Full Length Outdoor Bridal Portrait

Using a zoom lens makes it is possible to change from a 3/4 portrait to a full-length portrait without having to move the camera. The images below show a full-length shot without moving the lighting, subject or camera position. [figure 17]

Figure 17

The Outdoor Bridal Close-up

In order to produce a nice bridal close-up, we changed the set-up by moving the light closer to the subject.

As you move a light source further from your subject, the quality of light becomes a little harder, or higher in contrast. Conversely, bringing a diffused light source like the medium LiteDome® in about 3-4 feet from the subject produces a beautifully soft lighting quality for most portraits.

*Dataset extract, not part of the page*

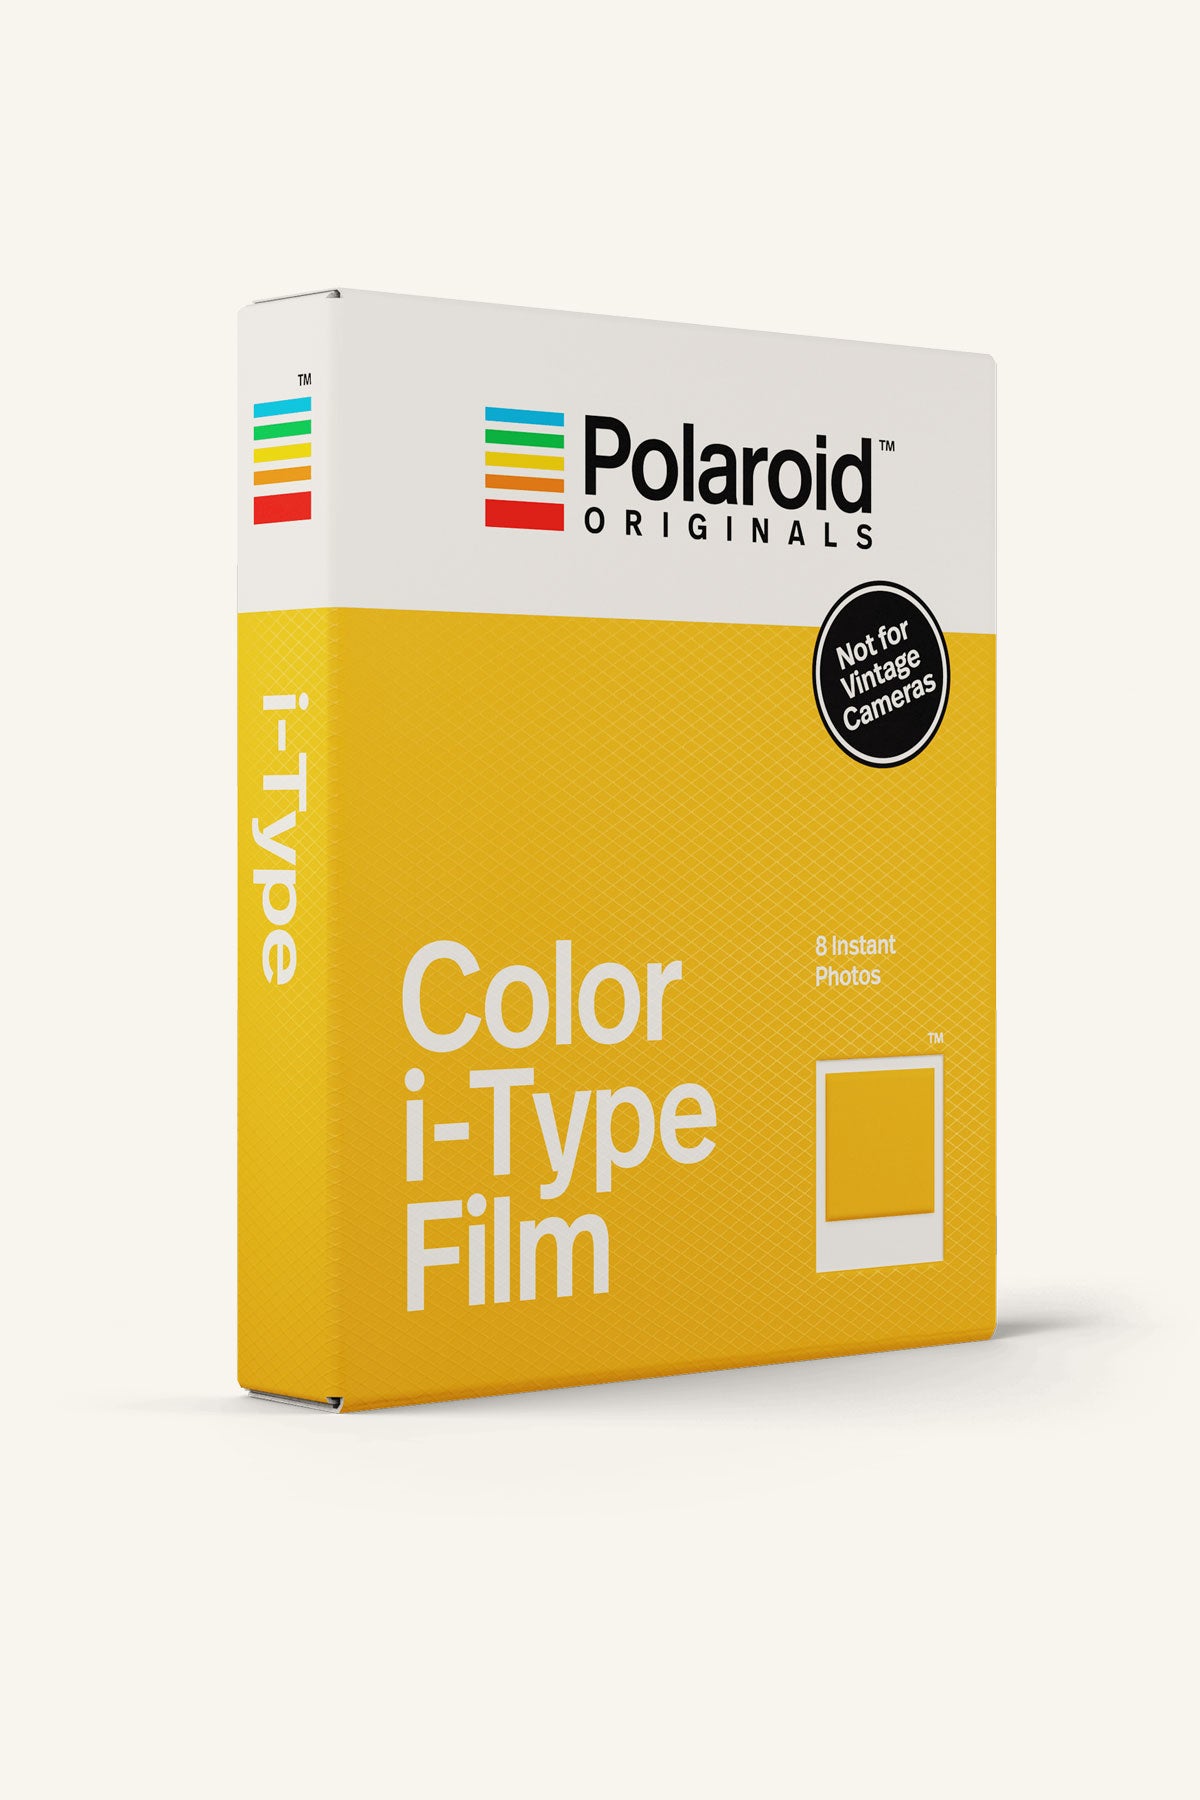 Polaroid Originals Colour OneStep 2 i-Type Film

Here you can see how much closer we positioned the light to the subject. Also notice how much tighter we've come in with the camera. [figure 18]

Figure 18

Since we moved the StarFlash® 150 closer to the subject, it was necessary to remeasure the light from the flash. After taking a light reading, we powered the unit down until it was set to deliver an f-stop equal to f/8. [figure 19]

Figure 19

The resulting close up bridal portrait shows the bride in a 2/3 pose. Since the bride had beautiful, strong cheekbones, we used a modified butterfly lighting. Notice how the catch-lights in the bride's eyes are almost at high noon if compared to the face of a clock. This type of lighting puts a small shadow under the nose and a deeper shadow under the chin.

Note that this would not be appropriate lighting for a bride with a heavier/fuller face. Finally, note the bouquet was brought up near the bride's chin to add an accent to the pose. [figure 20]

Figure 20

With just a few tips and tricks you can start creating fabulous wedding portraits with very little effort. Always remember to experiment with your lighting and poses, and above all, have fun in the process!